You have to have a lot of patience. Our cocoa and cashew wines are, for example, the result of careful fermentation of the pulps over one year

A great deal of painstaking craft and labour goes into making such premium wines. Volta Winery’s founder, Harrison Adjimah, says: “You have to have a lot of patience. Our cocoa and cashew wines are, for example, the result of careful fermentation of the pulps over one year.” Adjimah began making wine as a hobby while studying in the UK. Like many cash-strapped students, the idea of cheap alcohol appealed to him and he began home-brewing wine from strawberries, gooseberries and blackcurrants.
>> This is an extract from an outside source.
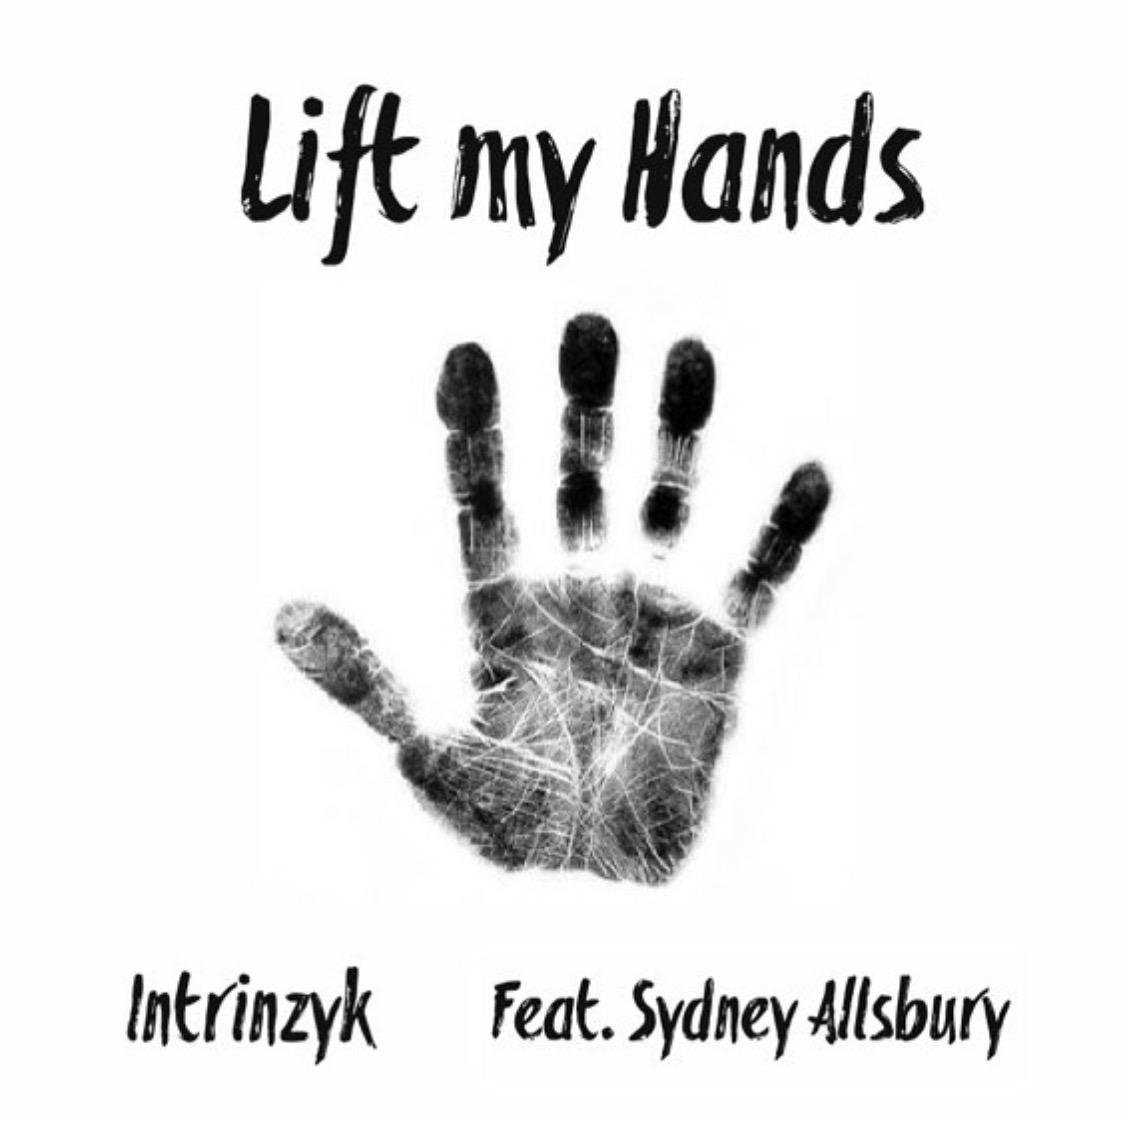 Intrinzyk - Lift My Hands Feat. Sydney Allsbury

On return to Ghana, where he became an entrepreneurship lecturer at Ho Technical University, he started making wines from homegrown fruits. Impressed with the results, he used the growing venture to inspire his students into seeing the potential for innovation using local produce.

I realised that if wine can be made from these fruits, then given the known characteristics, good quality wines could be made from the Ghanaian fruit and cocoa too,” he says. “It motivated me show my students that premium products can be made from local things around us.

Adding value

Making the wine only adds value to the crop of the established smallholder cocoa and cashew farming industries in Ghana as, Adjimah says, “our cocoa wine and juice are made from the cream of the cocoa fruit and our cashew wine is made from the pulp of the fruit, both of which are usually discarded by farmers”.

While Takyiwaa-Mensah is looking to build on the relationship between Sai Wine Café and Volta Winery with more wine varieties to come, she is also looking even further into the future and entertaining the idea that Ghana could become known for its wine made from grapes in the future. “Parts of Ghana such as the Volata and Eastern Region do have the right climate. It is a very bold venture and we know a couple of people who are looking at embarking on that journey but we are yet to see anything materialise. Just like South Africa when we do get there, I am sure we shall receive global resistance but we shall persevere. In the meantime, we have alternative wine options.”

The Volta wines are available at Sai Wine Café or for retail or wholesale purchases by calling 0206 905 257.

For more information on membership, download the package from the website saighana.com or email membership@saighana.com

To see a full list of upcoming member events at the café, visit the website.

To browse and buy the Volta Winery range, which includes 3-litre cashew wine dispensers as well as cocoa fruit juice and raw chocolate nuts, call 0248772148

Wine from cocoa

Making wine from cocoa is actually nothing new. Montezuma II, King of the Aztecs of Mexico in the 16th century, is said to have drunk 50 jars of cacao wine at a ceremonial feast.

The oldest known record of cacao dates back to 1400 BC to pottery found in Honduras, in Central America, and the actual process of separating the cacao beans from the rest of the fruit of the cacao pod involves cracking the pod open and allowing the fruit around the beans to ferment, resulting in a liquid that is about 5 to 7 per cent alcohol (around the strength of beer) as well as those super tasty cocoa beans.